WH Smith has cut its annual profit outlook for the second time this year and announced plans to raise equity, as the retailer cited a decline in passenger numbers at its travel hubs due to the Middle East conflict and weakening consumer demand.
Profit Forecast Reduced
The chain, which operates shops in airports, train stations, and hospitals, now expects to report a pre-tax profit of between £75 million and £90 million for the full year, down from its previous guidance of £90 million to £105 million. The company said the revised outlook reflects the observed and anticipated decline in passenger numbers and softer consumer spending across all divisions.
Revenue Performance
In the 14 weeks to June 6, revenues from UK airport shops fell by 1% on a like-for-like basis compared to the same period last year. The company attributed this partly to flight cancellations and disruptions related to the Middle East conflict. However, revenues from hospital shops increased by 7%, and rail revenues rose by 2%, leading to overall UK sales growth of 2%.
Equity Raise Plans
WH Smith also revealed plans to raise equity by issuing up to 26 million new shares, representing about 20% of its existing share capital. A separate offer for retail investors in the UK is also planned. The company hopes the raise will strengthen its balance sheet and support investment plans. Directors, including executive chairman Leo Quinn and the finance chief, intend to participate and contribute approximately £1.73 million.

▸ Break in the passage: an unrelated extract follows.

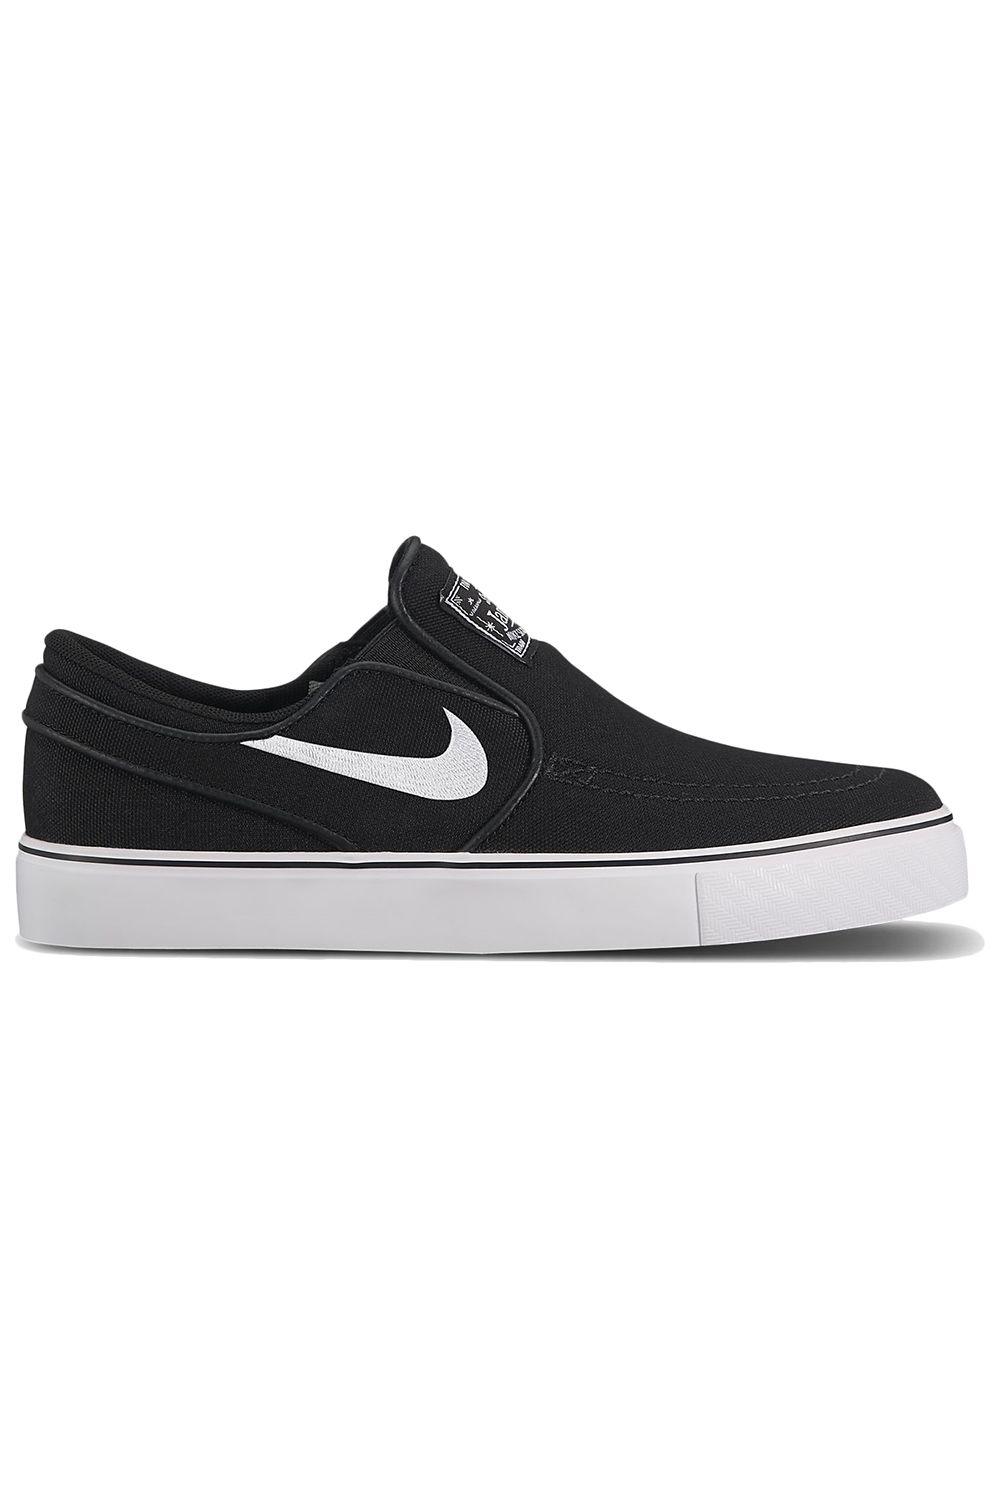 Tenis Nike Sb STEFAN JANOSKI CANVAS SLIP Black/White

Mr Quinn stated: "There is no doubt that current economic uncertainty and its effect on consumer appetite for spending has created headwinds." He described the equity raise as a "proactive step to accelerate our transformation of what is, at heart, a good business with some great people and clear opportunity for profitable growth."
Strategic Changes
The chairman also noted that WH Smith has been taking steps to "sell, exit or renegotiate loss-making or low-returning situations," including replacing company-owned shops with franchises. Last year, the company sold its high street chain to private equity firm Modella Capital, which rebranded it to TG Jones.
Richard Hunter, head of markets at Interactive Investor, commented that the capital raise "could prove to be the last roll of the dice for the company" and will test investors' patience and loyalty. He added that weaker consumer confidence, reduced flights in the US, and the Middle East conflict have disrupted the group's progress.
On Tuesday, the UK's accountancy watchdog launched an investigation into PwC over its auditing of WH Smith following an accounting saga in its US division. WH Smith admitted last year that it overstated profits for its North American business by as much as £50 million due to issues with its audit process.